Structured Data Load from a Document

In this guide a document containing tabular data will be loaded using the schema defined in the previous guide.

Overview

This guide walks through using a previously defined schema in an extraction flow. In an object-extraction flow, the system uses LLM prompts to located objects matching defined schemas, which are then loaded into the object store.

What You’ll Learn

How to load test documents into TrustGraph
How to start an object extraction flow
How to process documents through the extraction pipeline

Prerequisites

Before starting this guide, ensure you have:

A running TrustGraph instance version 1.3 or later (see Installation Guide)
Python 3.10 with the TrustGraph CLI tools installed (pip install trustgraph-cli)
Sample documents or structured data files to process

Step 1: Load Data into TrustGraph

You have two options for loading a document into TrustGraph:

Using the workbench: The librarian screen allows loading a PDF or text document.
Command line: Running the same operation using CLI

Prepare Test Documents

For this example, we’ll use a sample document containing city demographic data that matches our schema.

Access the Sample Document Open this Google Docs document containing city demographic data: https://raw.githubusercontent.com/trustgraph-ai/example-data/main/cities/most-populous-cities.pdf
Save as PDF
- In Google Docs, click File → Download → PDF Document (.pdf)
- Save the file as cities_data.pdf to your local machine

Alternative: Create Your Own Test Document If you prefer, you can create your own test document with city information. Make sure it includes:

City names and their countries
Population figures
Climate descriptions
Primary languages spoken
Local currencies

Example content format:

Tokyo, Japan has a population of 37.4 million people. The climate
is humid subtropical with hot summers and mild winters. The primary
language is Japanese and the currency is the Japanese Yen.

Delhi, India has a population of 32.9 million. The climate is
semi-arid with extreme summers and cool winters.
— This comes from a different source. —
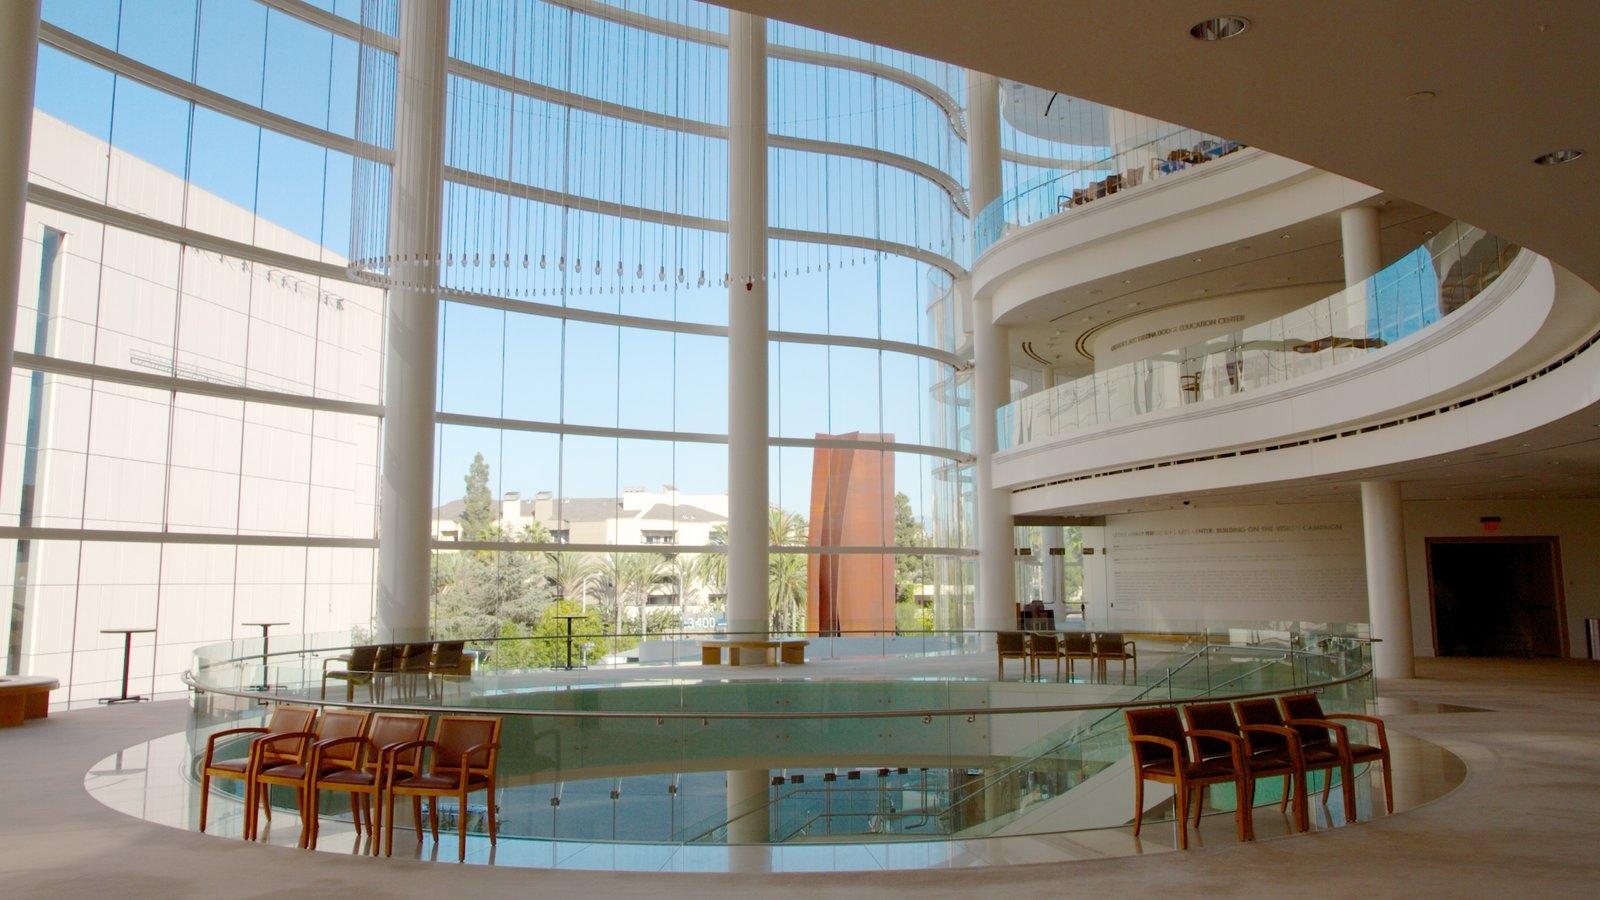 Segerstrom Center for the Arts que incluye vistas interiores y arte
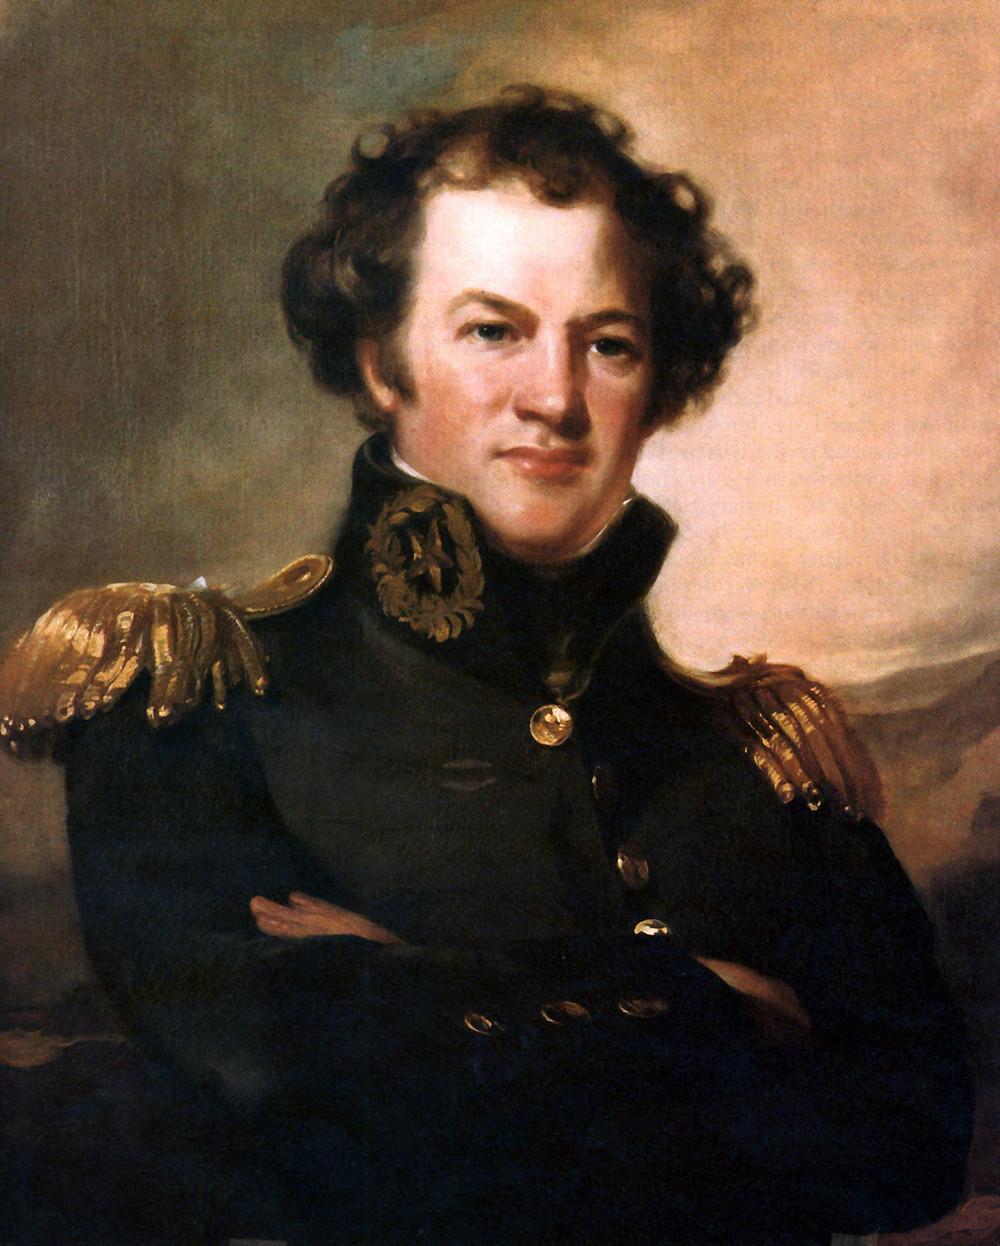 General Alexander Macomb

The primary
language is Hindi and the currency is the Indian Rupee.

Shanghai, China has a population of 28.5 million people. The
climate is humid subtropical with hot, humid summers and cool, damp
winters. The primary language is Mandarin Chinese and the currency
is the Chinese Yuan.

São Paulo, Brazil has a population of 22.8 million people. The
climate is subtropical highland with warm, rainy summers and mild,
dry winters. The primary language is Portuguese and the currency is
the Brazilian Real.

Dhaka, Bangladesh has a population of 22.4 million people. The
climate is tropical monsoon with hot, humid summers and mild
winters. The primary language is Bengali and the currency is the
Bangladeshi Taka.

Load Documents into TrustGraph using the Workbench

Navigate to Library In the TrustGraph workbench, click on Library in the navigation menu.
Upload Documents Click Upload Documents button.
Configure Document Upload
- Title: Enter 30 Most Populous Cities
- Document Type: Select the PDF button
- Select Files: Click Select PDF files and choose your cities_data.pdf file
Submit Upload Click Submit to load the document into the library.

Using the Command Line

Load the document using the tg-add-library-document command:

tg-add-library-document cities_data.pdf \
  --name "30 Most Populous Cities" \
  --kind "application/pdf"

Step 2: Start an Object Extraction Flow

Use the Workbench to create a new flow on the Flows page.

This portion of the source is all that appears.